Supplied material:
#####

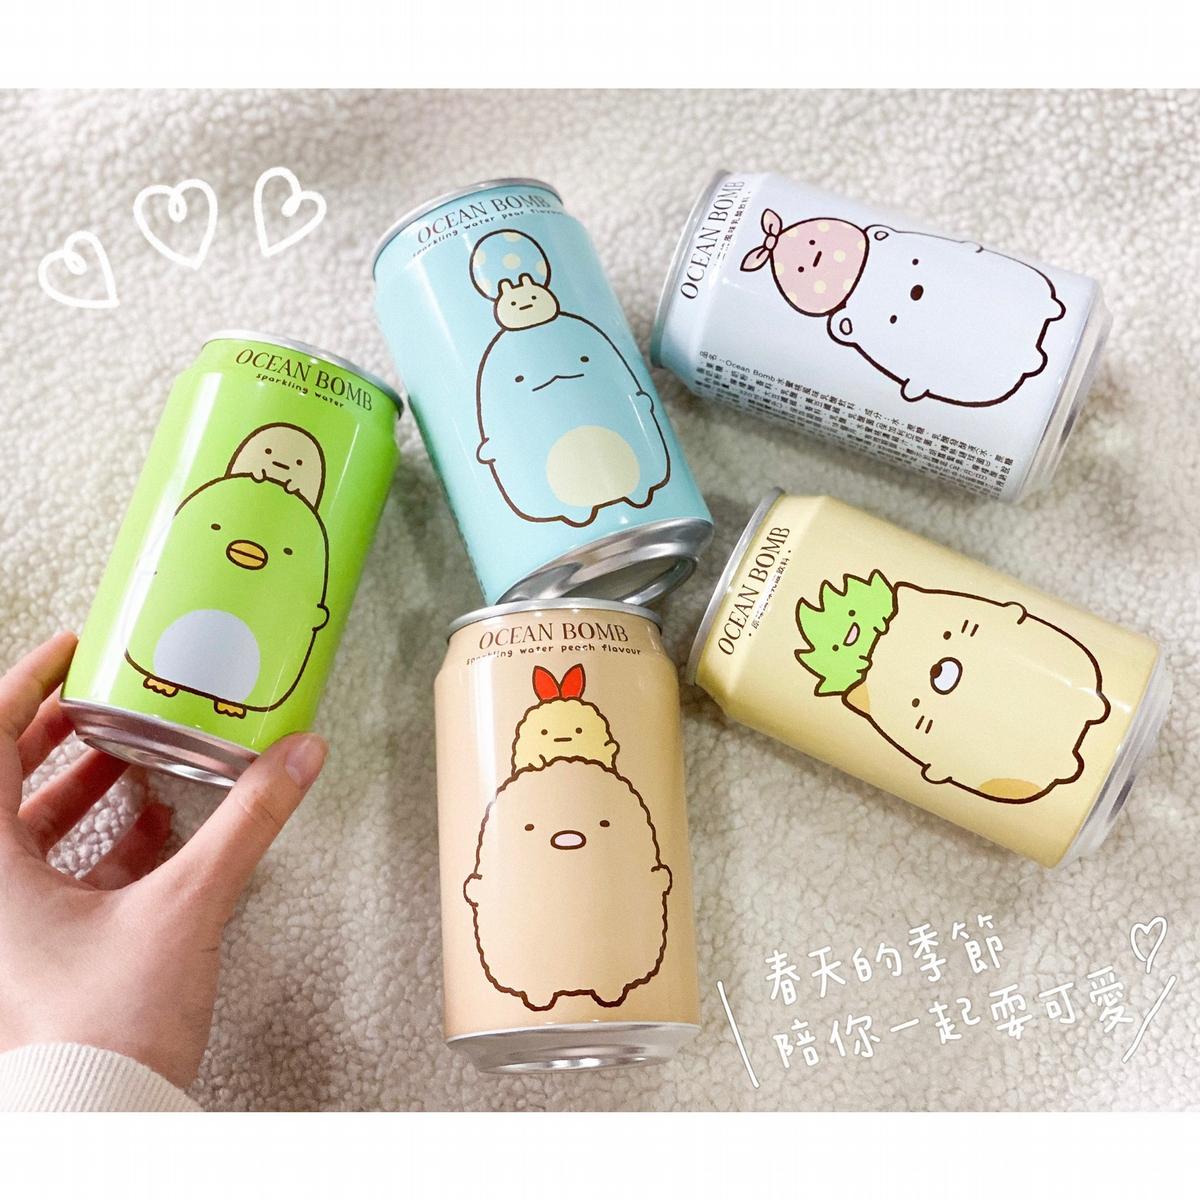 角落小夥伴可愛罐裝氣泡水 全新5款超萌包裝每款都好想要!
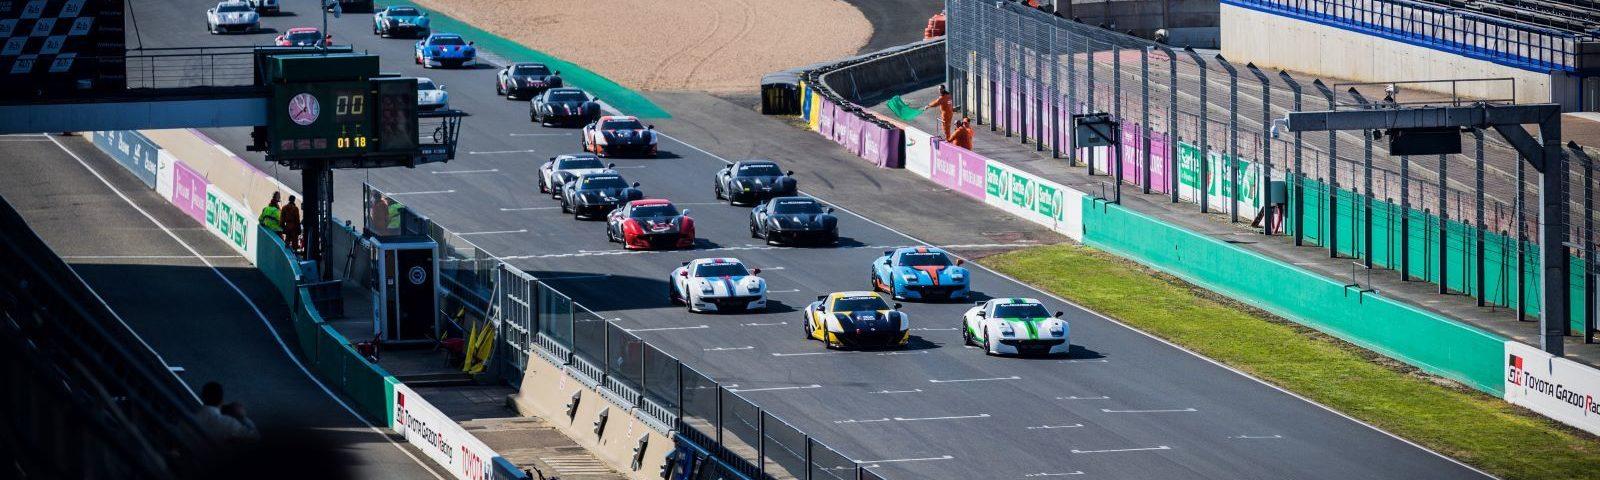 Départ course LE MANS LIGIER JS CUP 2019 - Doublé ZOSH COMPETITION sur le podium de la course
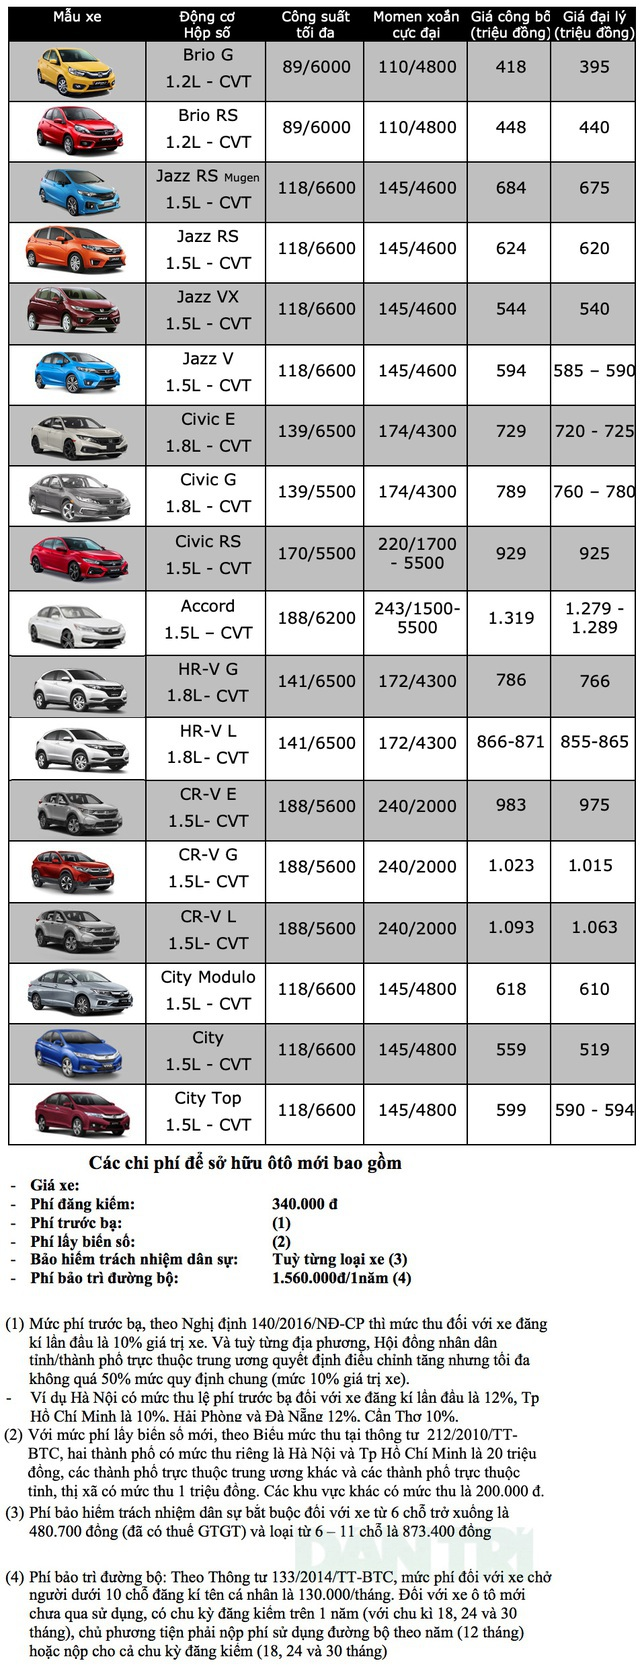 Bảng giá ôtô Honda tháng 6/2020 - 1

#####

Description of the task: Output only these lines, word for word: the line containing "Départ course LE" and every line after it through the last line of the data. Omit the pictures.

Finished exercise:
 Départ course LE MANS LIGIER JS CUP 2019 - Doublé ZOSH COMPETITION sur le podium de la course
 Bảng giá ôtô Honda tháng 6/2020 - 1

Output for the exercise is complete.